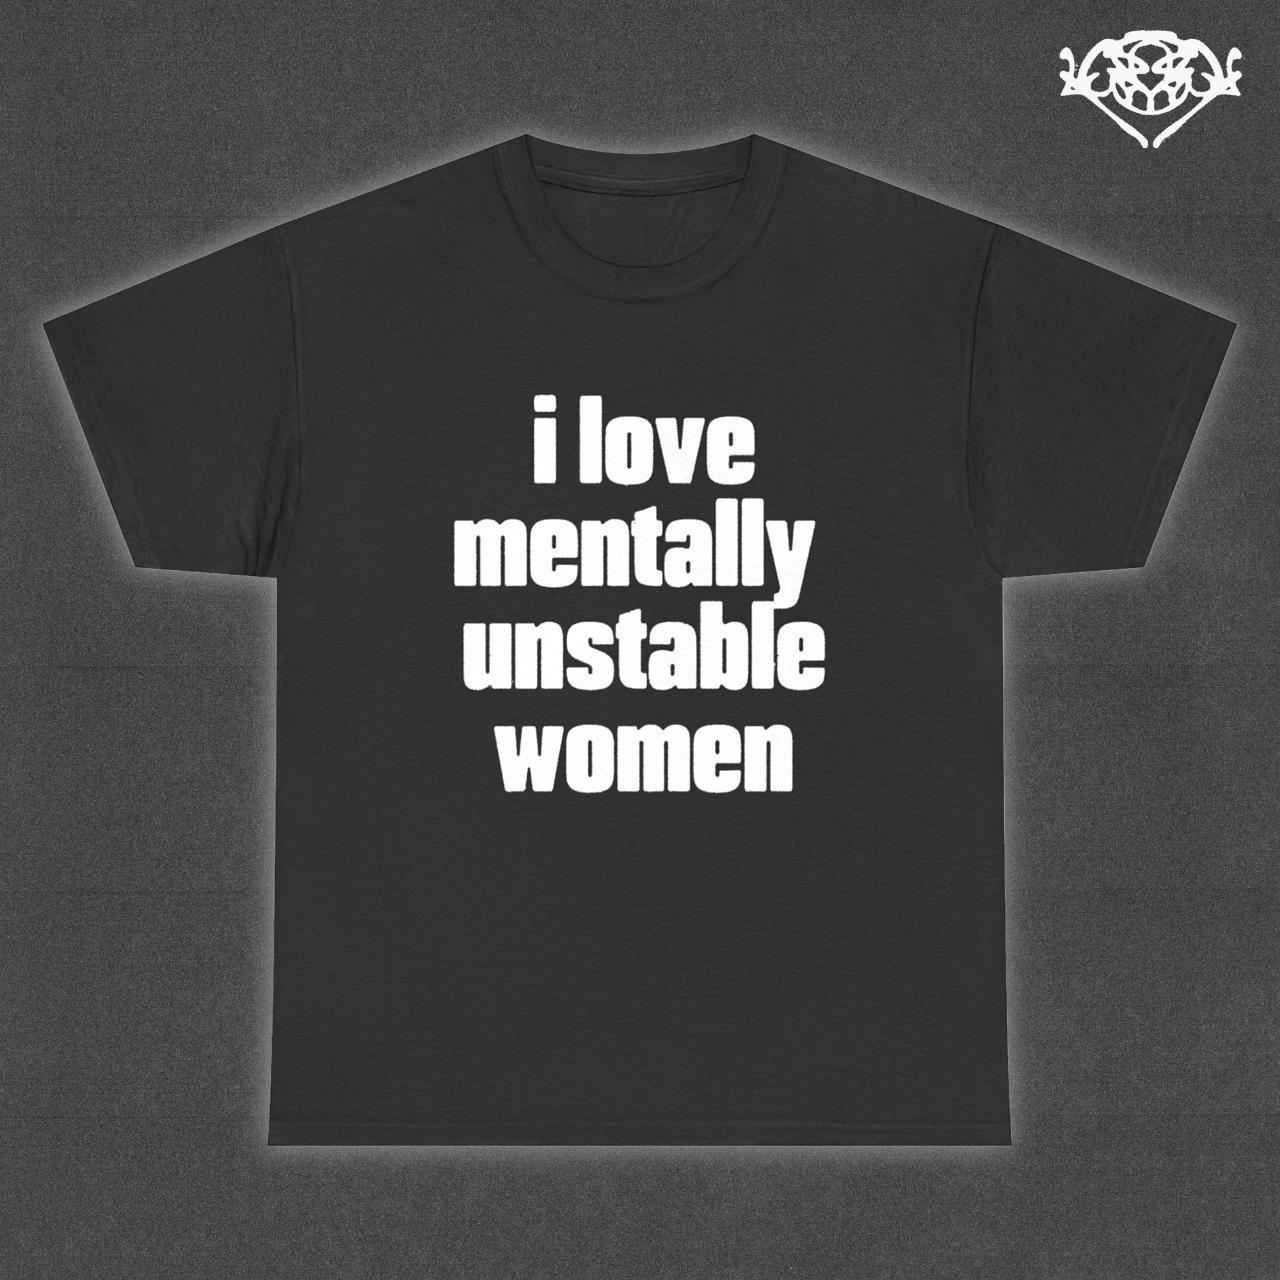 i love mentally unstable women tee! if you know,... - Depop
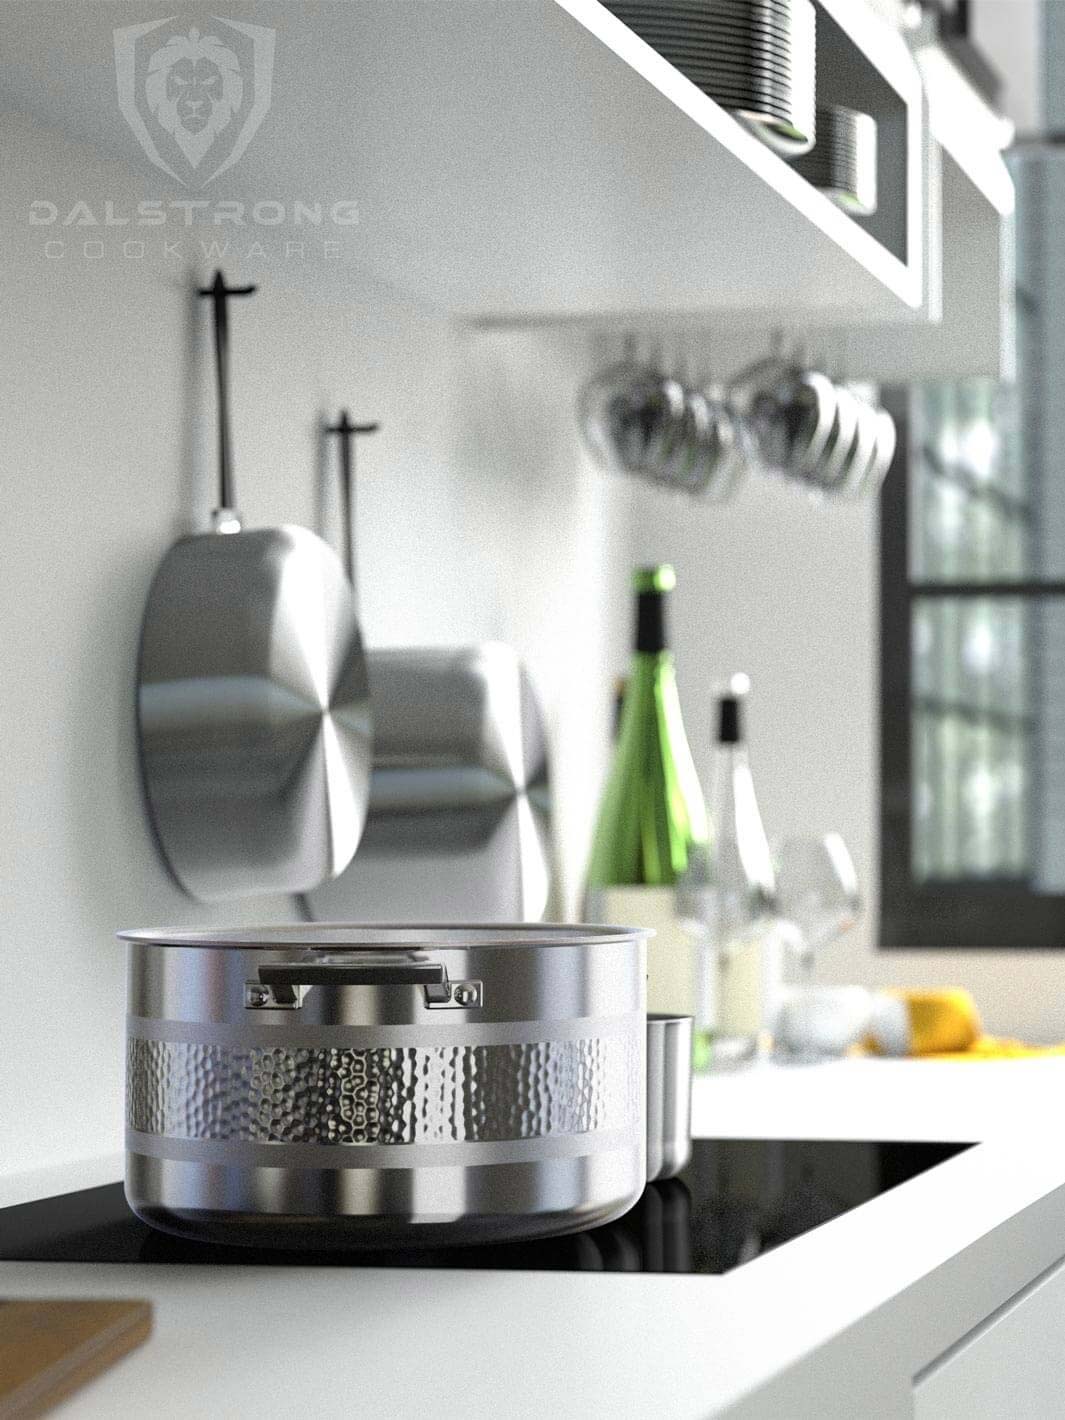 Dalstrong avalon series 8 quart stock pot hammered finish silver on a stove top.
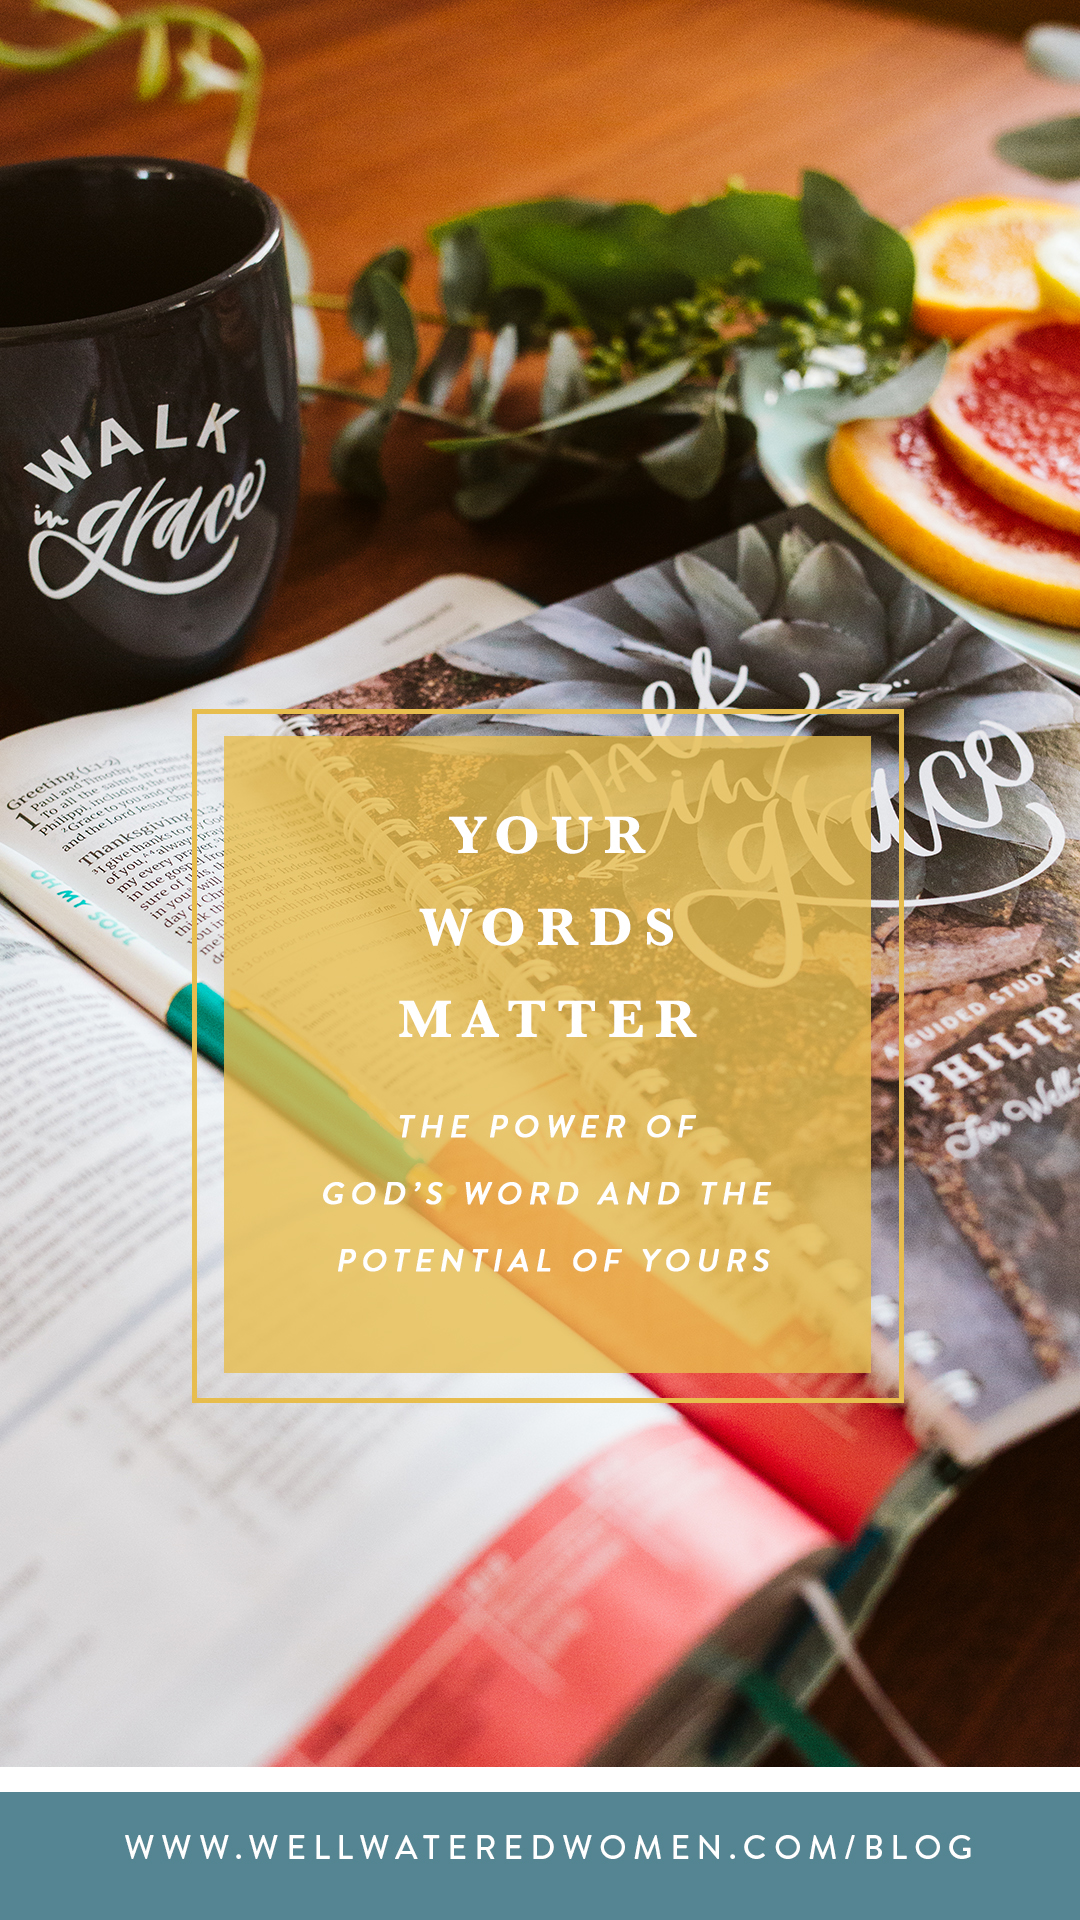 Your Words Matter: The Power of God's Word and the Potential of Yours (Blog on Well-Watered Women)

■ ■ ■ ■ ■ ■ ■

* [WHAT IS REQUIRED] The response must repeat all the lines above exactly and include no pictures.

* [REPLY TO THE TASK]
 i love mentally unstable women tee! if you know,... - Depop
 Dalstrong avalon series 8 quart stock pot hammered finish silver on a stove top.
 Your Words Matter: The Power of God's Word and the Potential of Yours (Blog on Well-Watered Women)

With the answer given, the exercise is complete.